═════ RECORDED DATA ═════
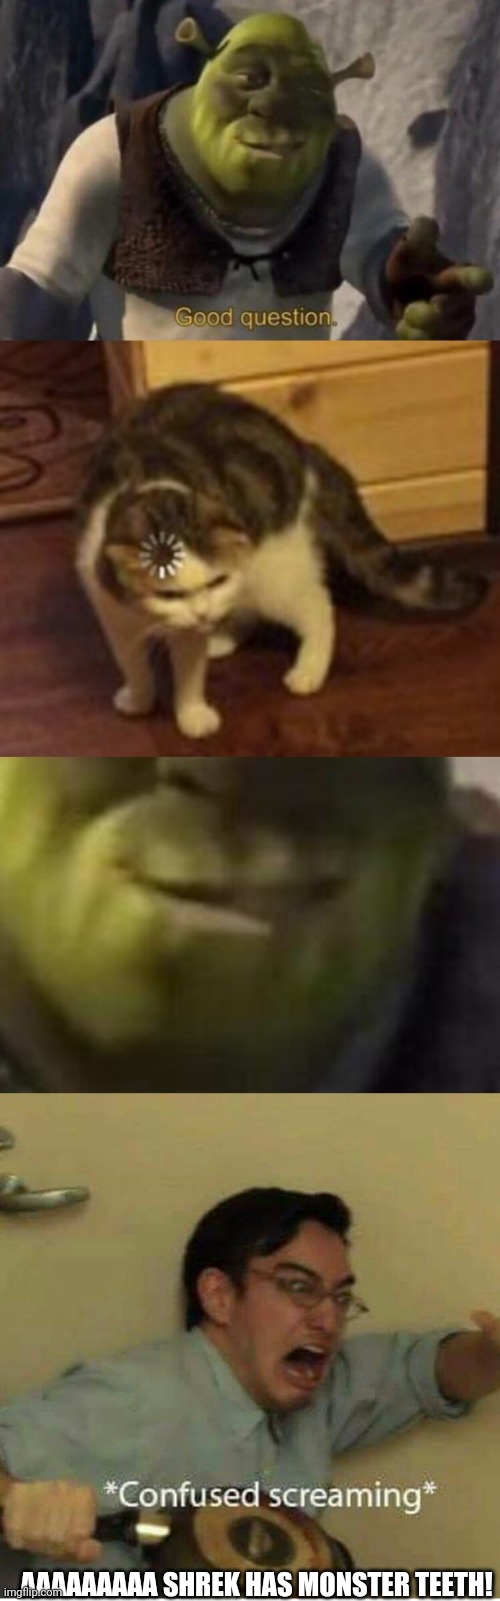 Shrek is a monster | AAAAAAAAA SHREK HAS MONSTER TEETH! | image tagged in shrek good question,loading cat,confused screaming | made w/ Imgflip meme maker
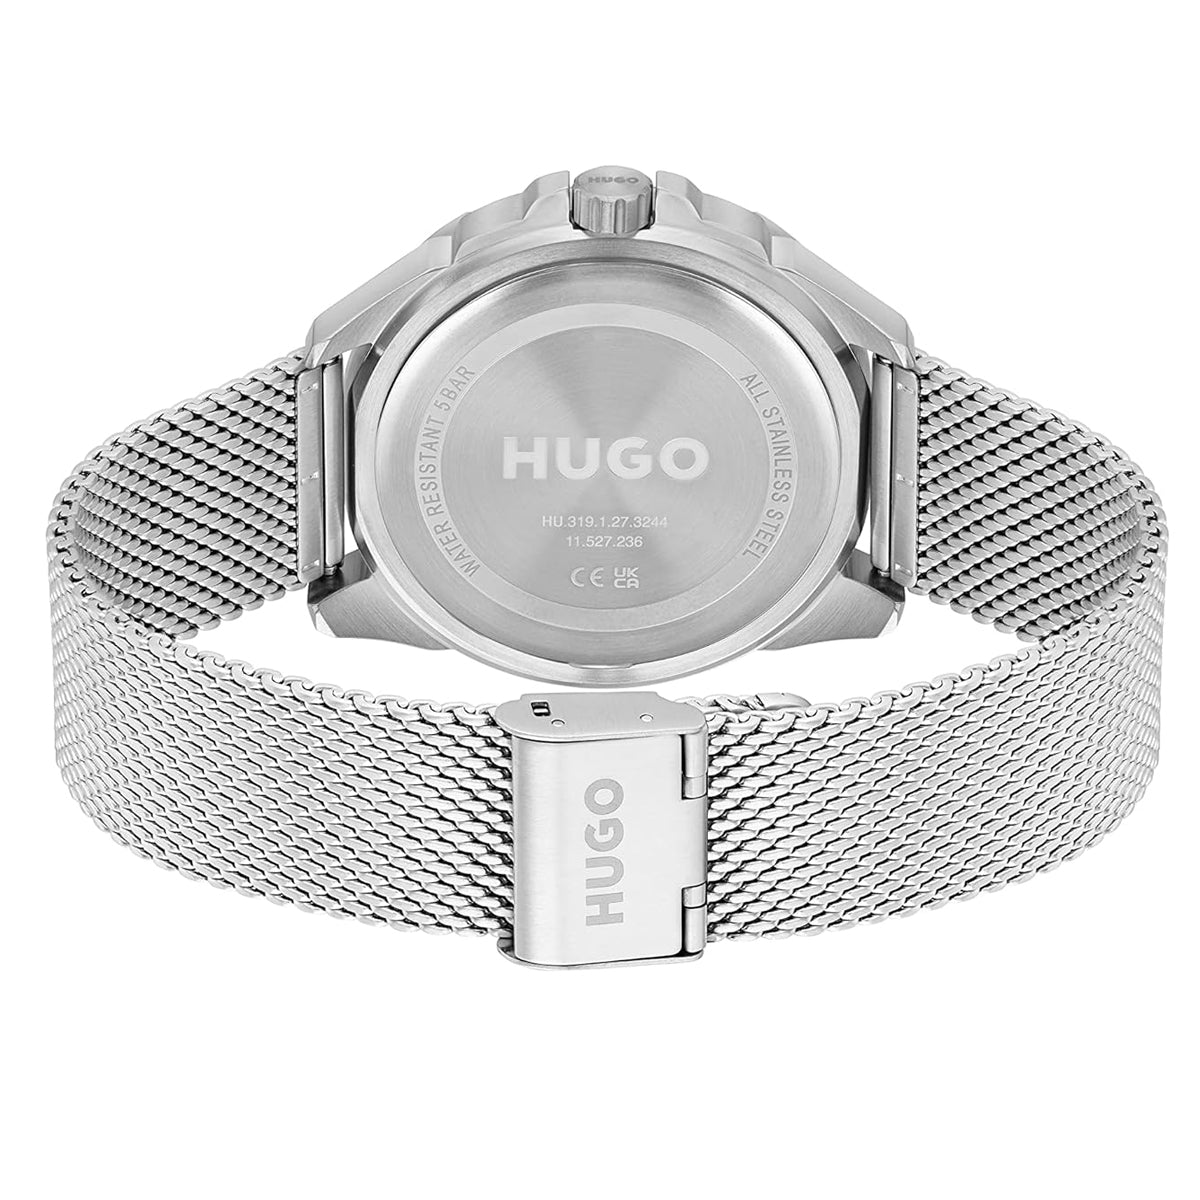 Hugo Boss - Fresh - HB153.0287
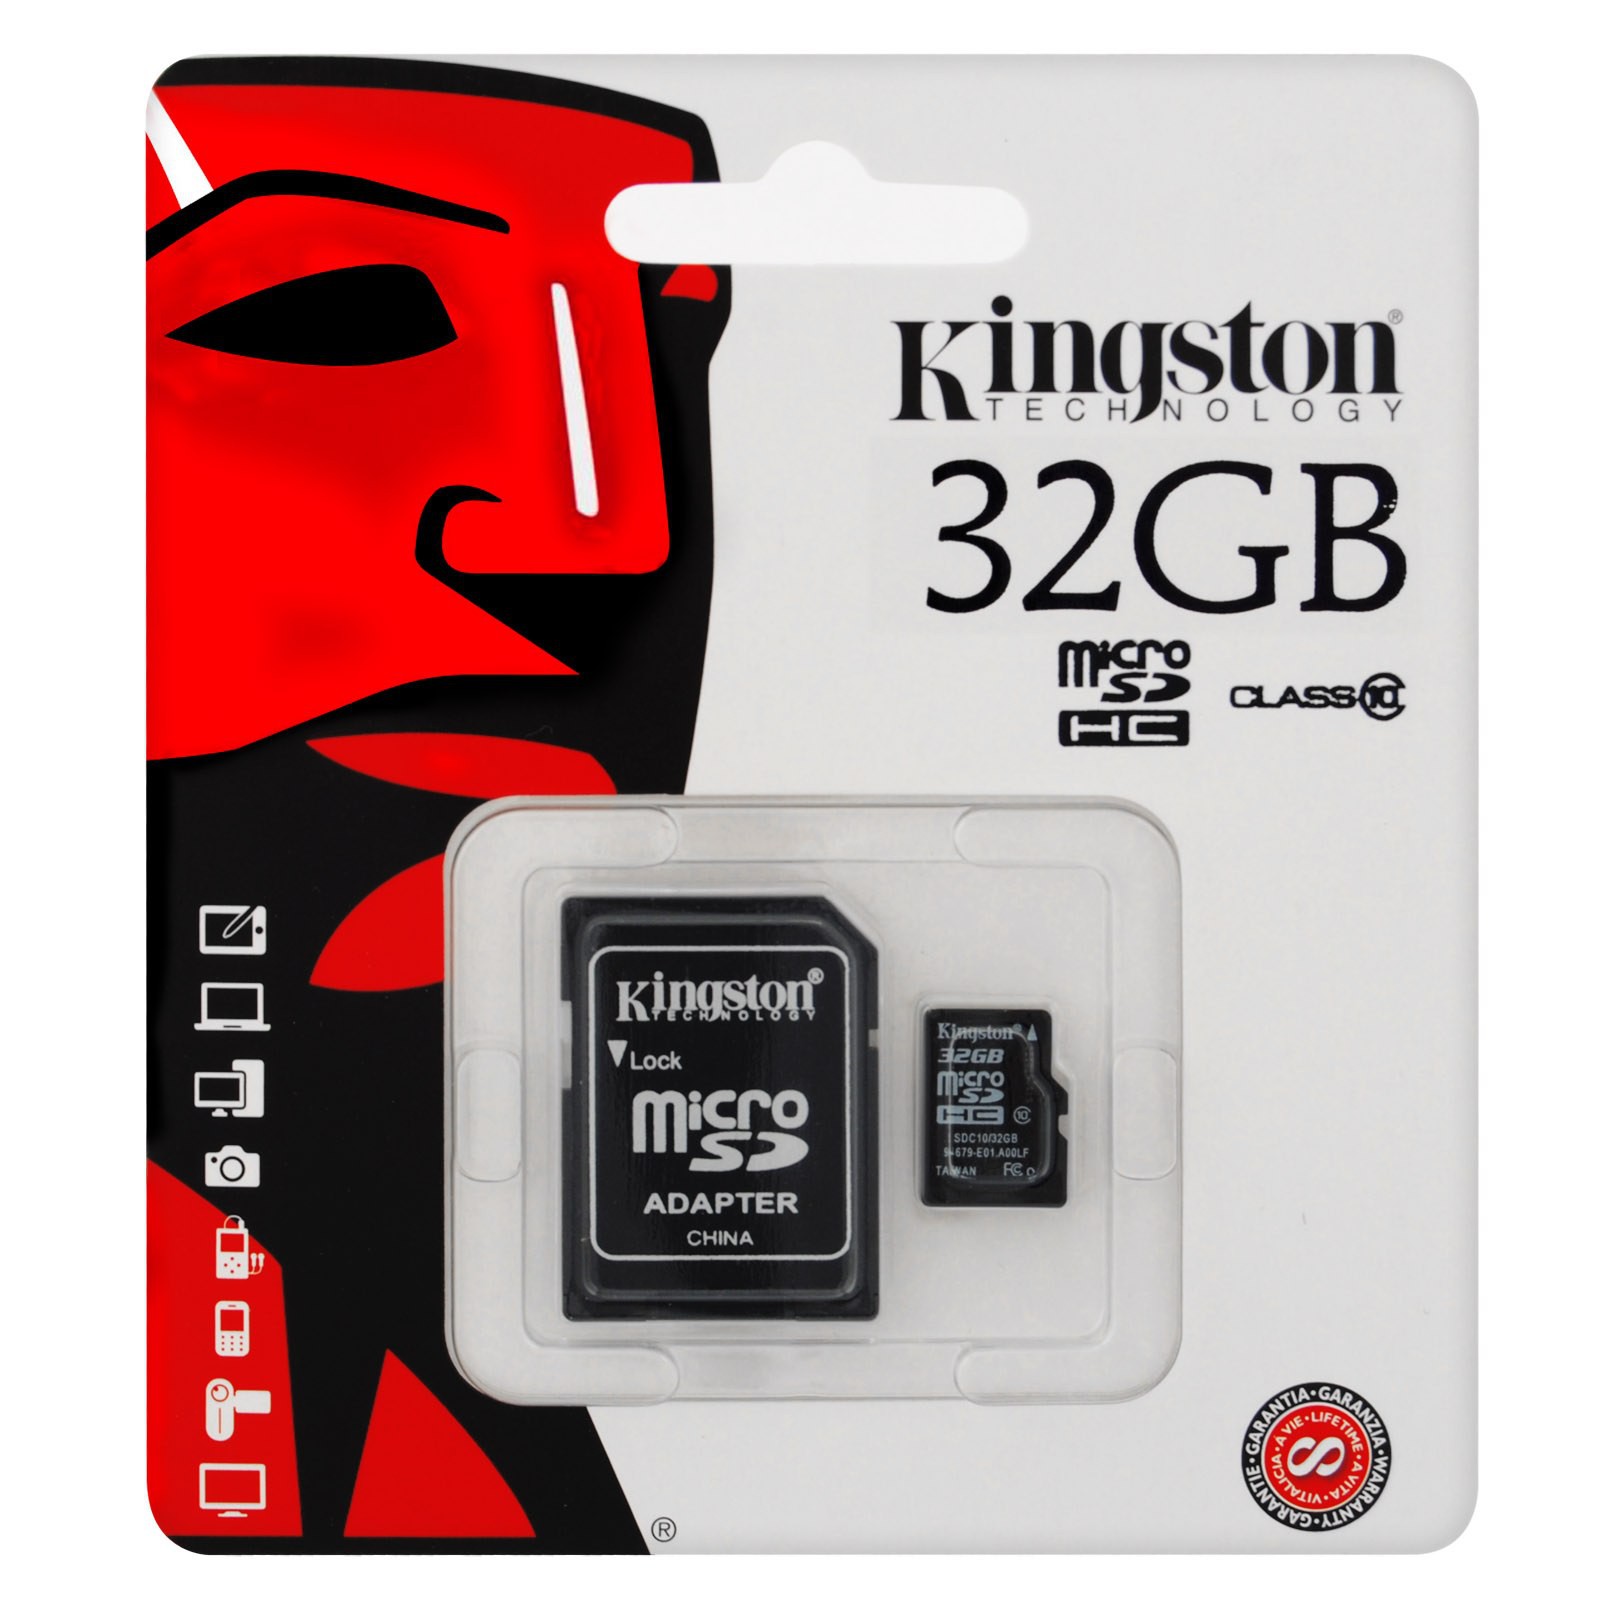 Kingston Micro Sd 32gb Classe 10 Class Microsd Sdhc Scheda Di Memoria Card Area Illumina 8020
═════
__DIRECTIONS__: Would you transcribe the listing above line by line, exactly, leaving every picture out?

__TASK SOLUTION__:
 Shrek is a monster | AAAAAAAAA SHREK HAS MONSTER TEETH! | image tagged in shrek good question,loading cat,confused screaming | made w/ Imgflip meme maker
 Hugo Boss - Fresh - HB153.0287
 Kingston Micro Sd 32gb Classe 10 Class Microsd Sdhc Scheda Di Memoria Card Area Illumina 8020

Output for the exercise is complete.